Lynch-law prevailed to a large extent, also, during the border troubles attending the outbreak of the Civil War. Particularly was this the case in Kansas where, along with the guerrilla warfare that went on for a number of years, many instances of summary procedure occurred that may be properly classified under lynch-law. A correspondent of the New York Tribune in Lawrence, K. T., wrote on May 30, 1858: “There is a very general disposition to pass over the helplessly useless forms of Territorial law and corrupt Federal courts, and try these parties (i.e., horse-thieves) by Lynch law.”[194]

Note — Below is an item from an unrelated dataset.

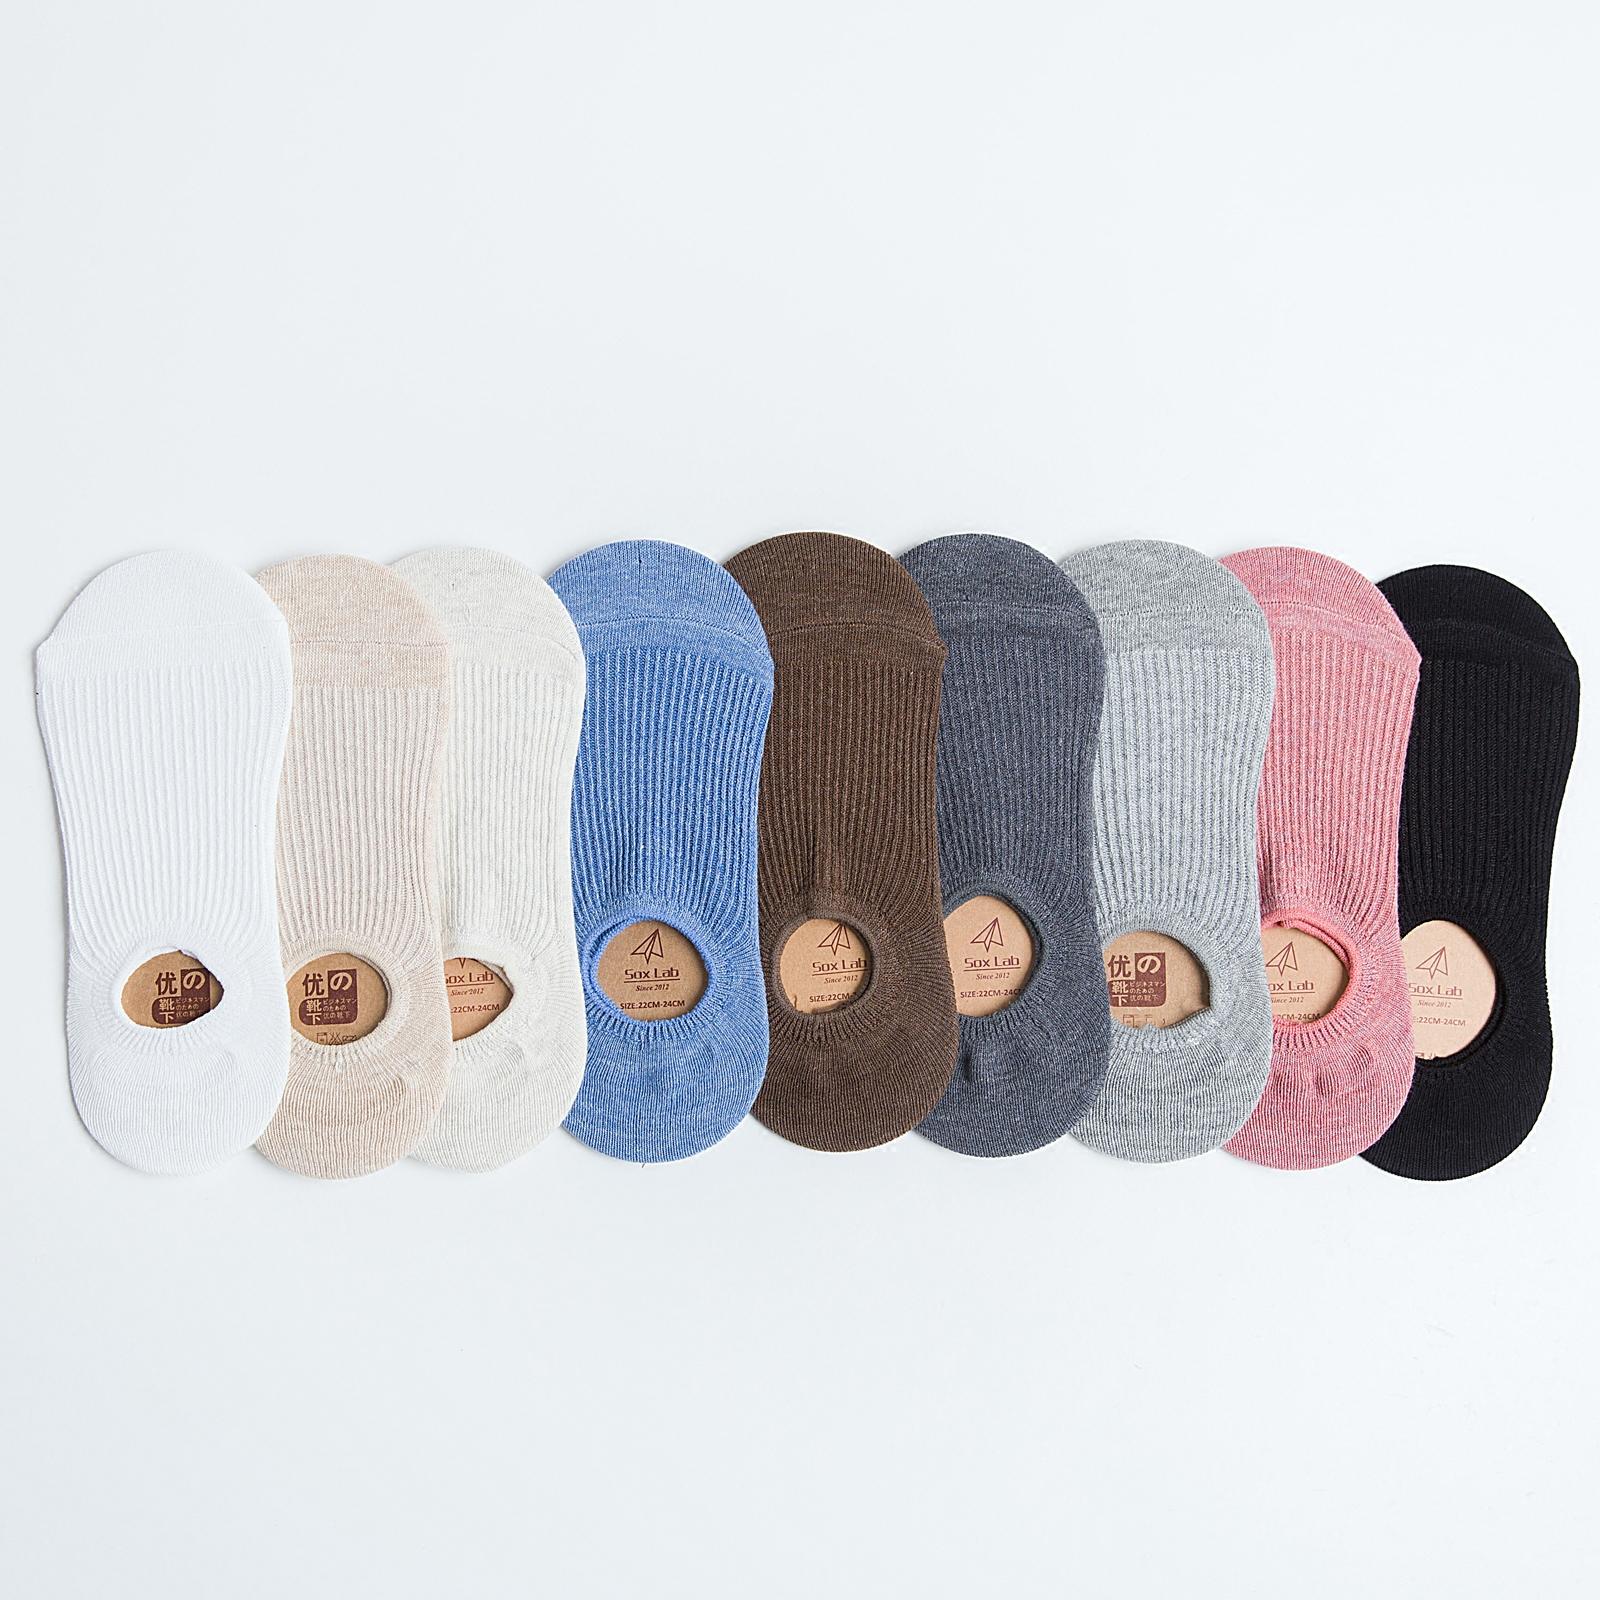 船袜女纯棉浅口袜子硅胶防滑纯棉女士夏季短袜薄款纯色低帮隐形袜

The lynch-law procedure of the fifties that was most commonly mentioned and described in the newspapers and periodicals was that that prevailed in the western part of the United States. Bodies of citizens, organized secretly or openly under the names of “vigilance committees,” “vigilance societies,” “vigilantes,” “regulators,” “law-and-order men,” “Citizens’ Associations,” &c., punished with summary severity horse-thieves, cattle-thieves, highway robbers, counterfeiters, burglars, and swindlers, as well as murderers. Certain rude forms of trial were generally observed, acquittals were rare but not entirely unknown, and the punishment was usually death by hanging. The frequency with which lynch-law was resorted to at this time is to be referred, both to the lack of a well established civil government, and to a doubt on the part of the people as to the adequacy of the ordinary legal machinery.
It was the use of the word lynching in connection with these summary proceedings against white men of desperate character, the criminals of the frontier region west of the Mississippi, during the period of settlement, that first gave to it its modern meaning of putting to death. After the Civil War, when the Southern States were being reconstructed and the whites were threatened with negro domination, summary practices were adopted against the negroes. The negro had ceased to be valuable as property and was looked upon as a dangerous political factor in the community; to take his life was thought to be the easiest and quickest way to dispose of him. The adoption of this plan in many parts of the South gave for the word lynching a new application. Since the Reconstruction Period, then, to lynch has generally meant to put to death. The infliction of any minor punishment without legal trial still constitutes lynch-law, but the simple term “lynching” usually implies capital punishment. It is in this sense that the term will be used throughout the remainder of this investigation.